## Exercise goal
Repeat, exactly as written, the lines from the one with "Daniel carri o" to the final line of the listing, and keep every picture out.

## Raw data
.....

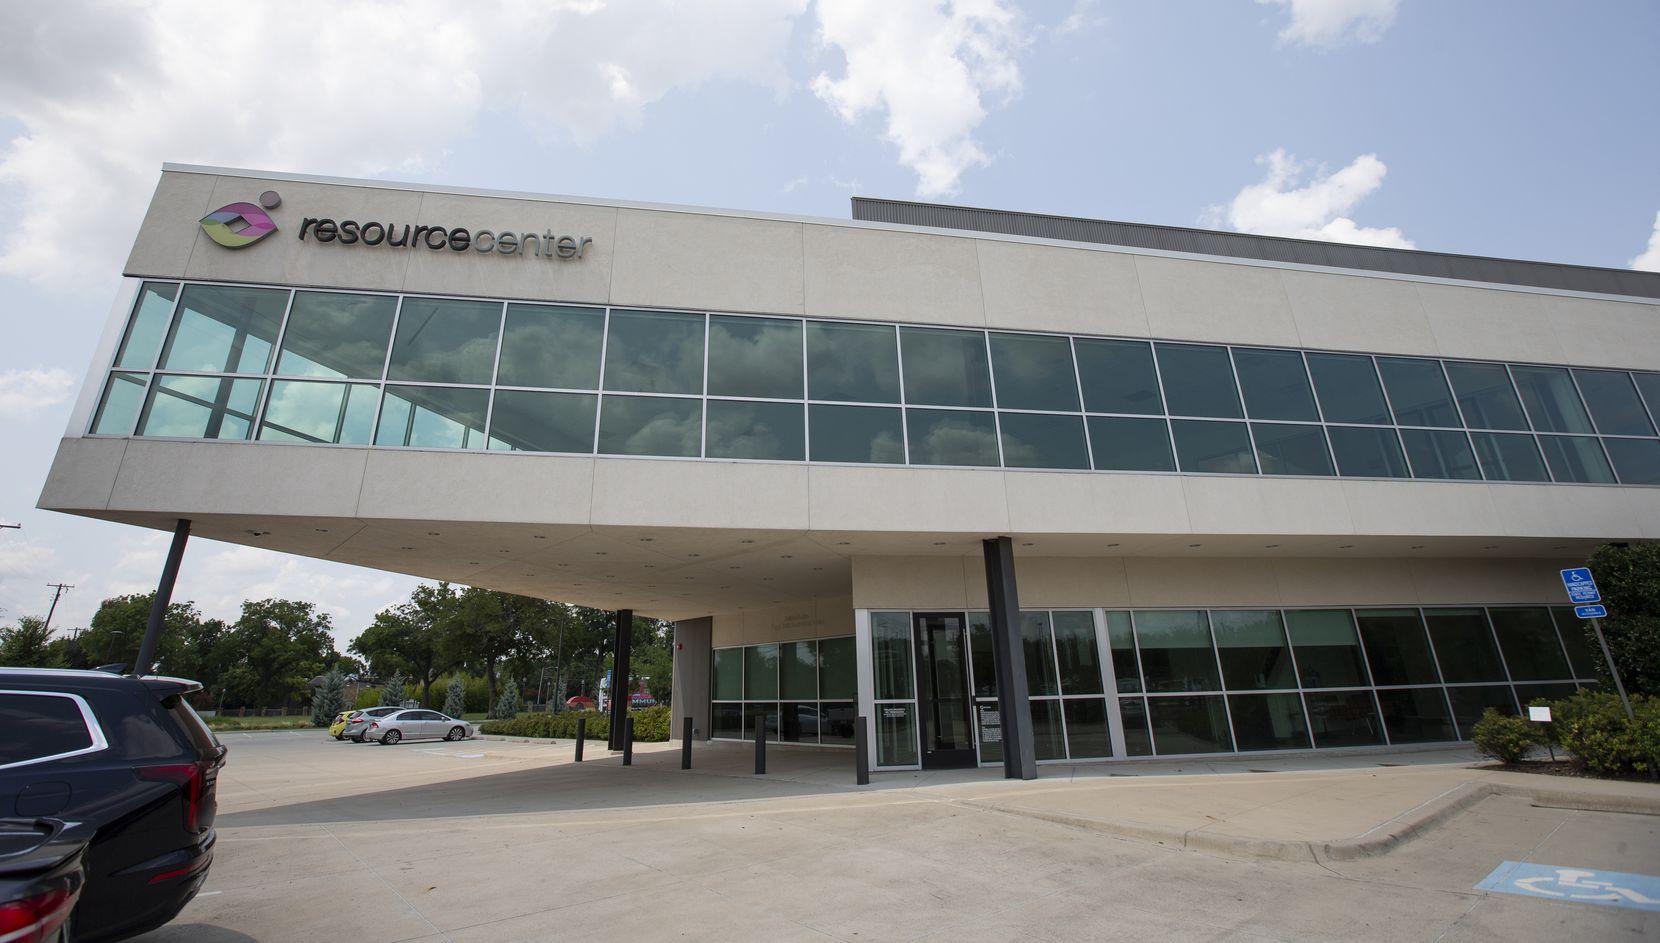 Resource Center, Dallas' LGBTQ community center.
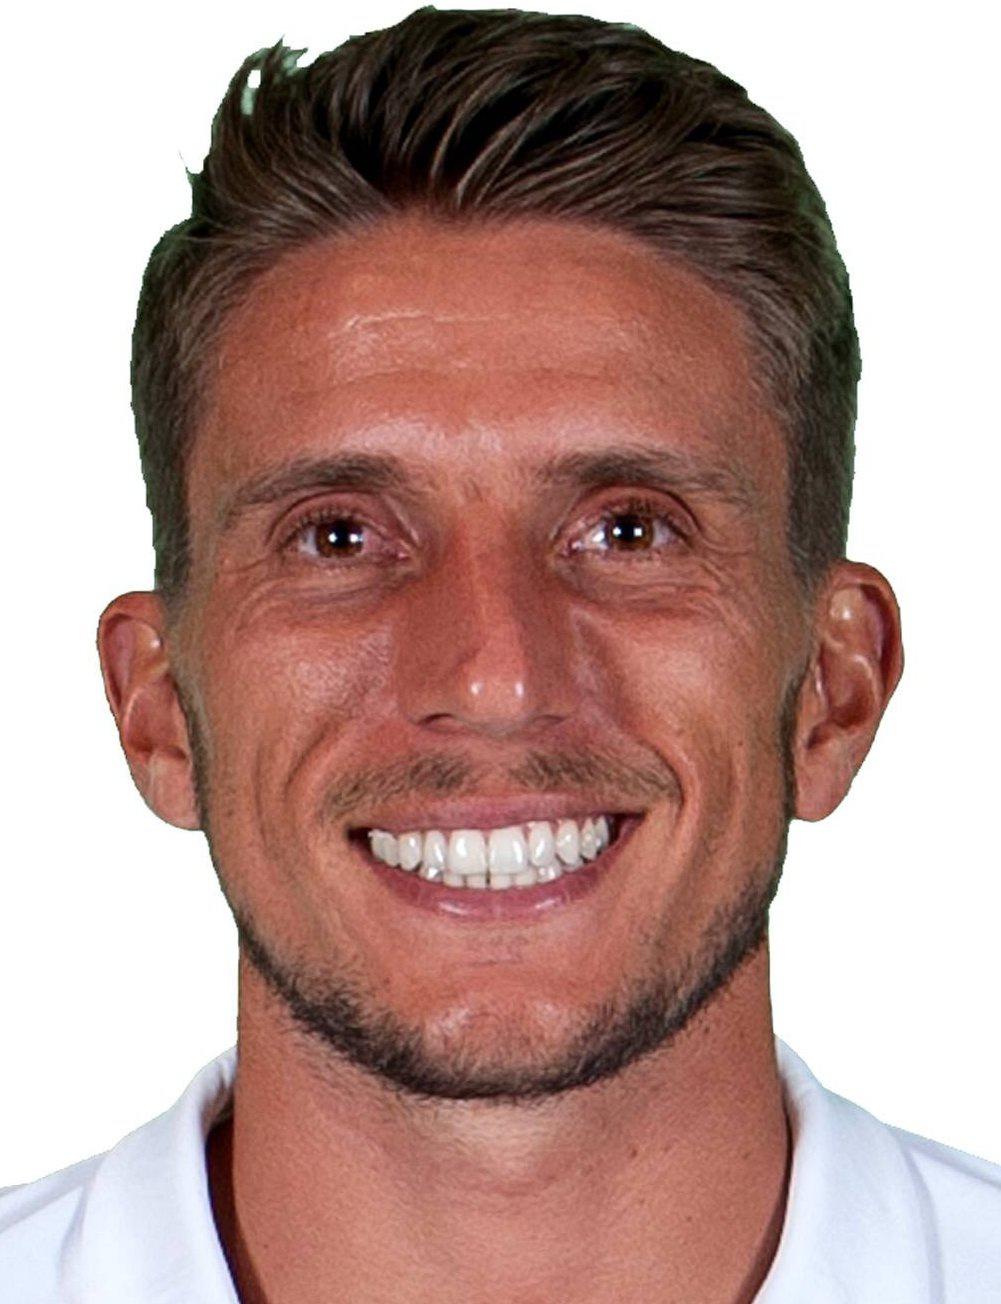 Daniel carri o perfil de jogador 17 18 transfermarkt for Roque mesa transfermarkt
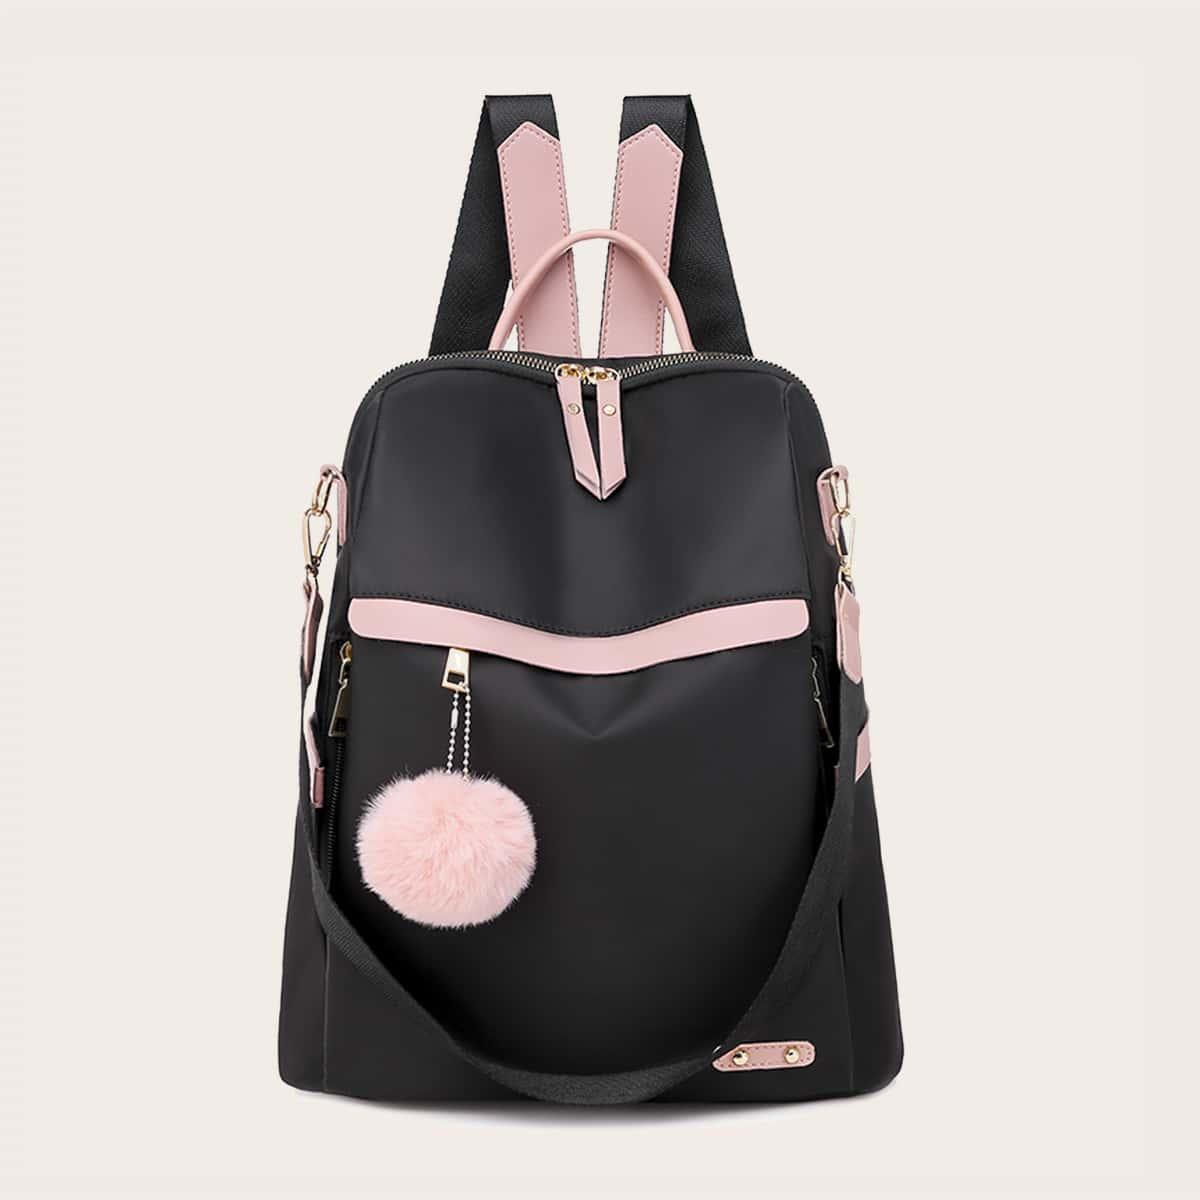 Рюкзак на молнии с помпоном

.....

## Result of the task
 Daniel carri o perfil de jogador 17 18 transfermarkt for Roque mesa transfermarkt
 Рюкзак на молнии с помпоном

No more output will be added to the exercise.